Although urbanization and demographic changes are substantial influences
within the lake’s catchment, land-use changes cause extreme disturbances
of the catchment’s ecosystems and the lake itself. Most studies
demonstrate that land-use changes (Tu 2009; Zampella et al., 2007) as a
driving factor for the environmental, including the physical and
chemical characteristics of surface water bodies and their internal
structure. Improper management of natural resources, coupled with an
ever-increasing population, is responsible for introducing many
impairments of water quality threats. Most of the freshwater resources
are under stress caused by urbanization, and large-scale
industrialization processes are a worldwide concern (Fang et al., 2019;
Holopainen et al., 2016; Liao et al., 2012).
The complexity of several ecosystem functions in the surface water
bodies adversely affected foremost water quality in freshwater lakes
which, in turn, and among others, influence ponds, rivers, streams and
slowly enter into the groundwater (Gilboa et al., 2014; Thevenon et al.,
2011; Banadda et al., 2010). Diffuse pollution caused by agricultural
activities can be carried into adjacent water bodies by surface runoff
and erosion (Taylor et al., 2016; Guo et al., 2010). Such excess of
nutrients accelerates eutrophication and algae blooming in freshwater
ecosystems. Besides, point sources are another significant reason for
the deteriorating water quality in surface water bodies. However, the
spatial and temporal distribution of diffuse pollutants is a challenge.
It is important to monitor these distributions even for a large
catchment area, due to changing climate, land-use, and strong relations
to anthropogenic activities (Shen et al., 2013; Randhir and Tsvetkova
2011). Therefore, it is essential to identify the critical pollution
sources of a catchment and to apply the best management practices (BMPs)
to protect lake water quality.
The Kolleru Lake catchment in India has been taken as a case study for
understanding and modeling of the Spatio-temporal variability in the
pollutant loads, which will be a prerequisite for better management of
agricultural, industrial, and water resources.
In recent decades, the Soil and Water Assessment Tool (SWAT) (Arnold et
al., 1998) has become widely used to model the management of
agricultural catchments for identifying polluted areas. SWAT is a useful
tool for the estimation of both nitrogen and phosphorus (N & P)

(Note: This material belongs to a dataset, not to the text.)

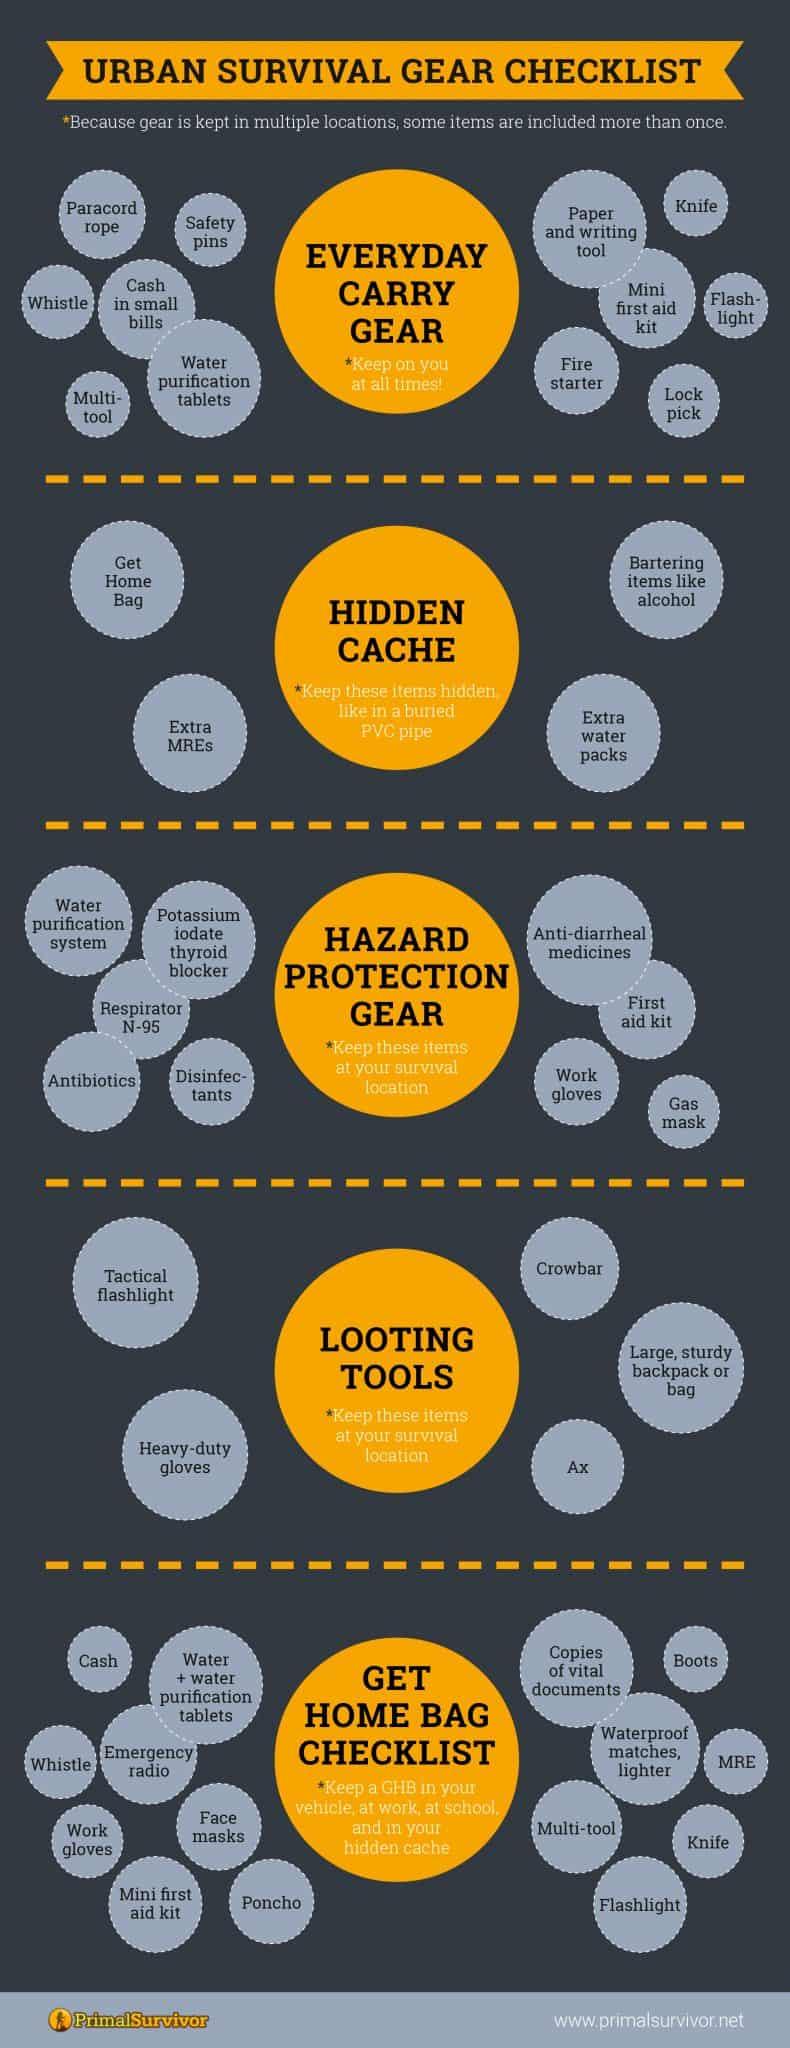 The Ultimate Urban Survival Gear Checklist

emissions and the degree of eutrophication. Both information a necessary
prerequisite for the selection of BMPs from small scale areas (Coffey et
al., 2013; Shang et al., 2012; Kang et al., 2006) to large scale
catchments (Abbaspour et al., 2015; Yalew et al., 2013). The U.S.

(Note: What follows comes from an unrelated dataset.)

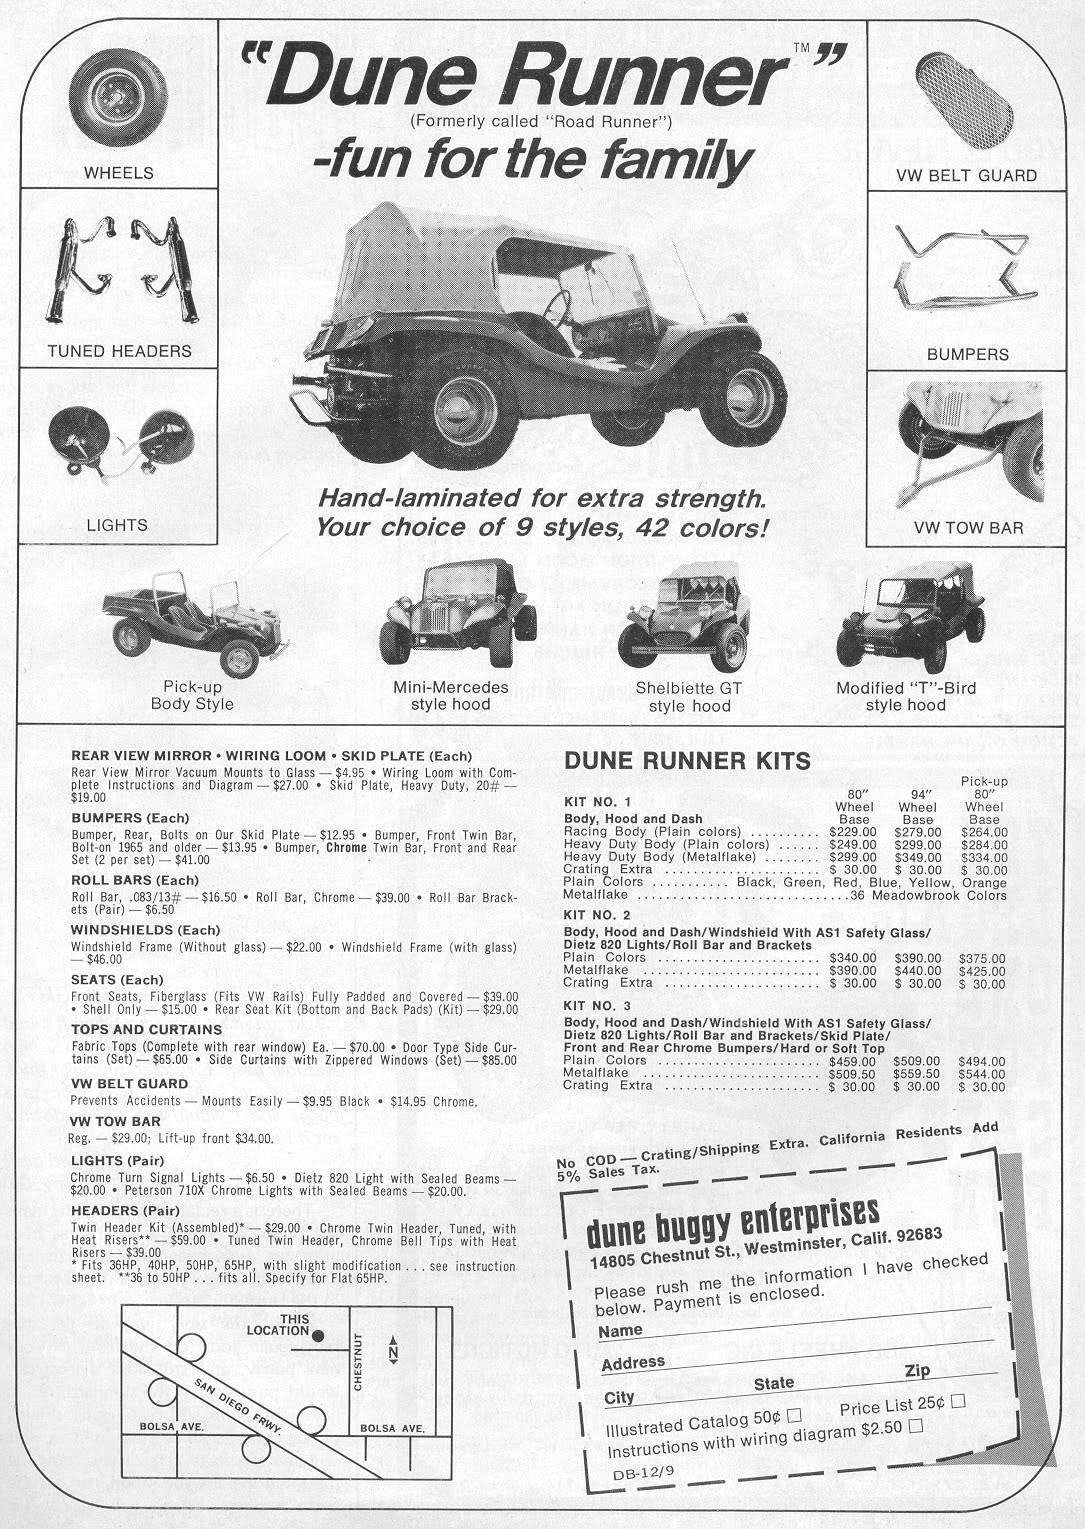 Original Vw Dune Buggy Ad

Environmental Protection Agency (EPA) recognized the SWAT model and
incorporated it into the EPA’s BASINS (Better Assessment Science
Integrating Point and Non-point Sources) (Abbaspour et al., 2015). Apart
from that, several studies were extended into the SWAT-based
optimization tool for obtaining cost-effective strategies for
sustainable management (Liu et al., 2019; Wallace et al., 2017).
However, due to continuous simulations and operations on a daily time
step, it is a useful tool for the identification of pollutant sources.
The main objective of this study serves a better understanding of
diffuse pollution sources in the Kolleru Lake catchment, a typical flood
balancing catchment between the Krishna and the Godavari basins. Here
the first study is conducted to estimate diffuse pollution in Kolleru
Lake for the catchment level. Further, the study assimilated the
critical sub-basin measures on the Hydrological Response Unit (HRU)
level priority areas, to conclude the planning of BMPs. Furthermore,
suggestions are provided for the implementation of better lake
management practices in the catchment.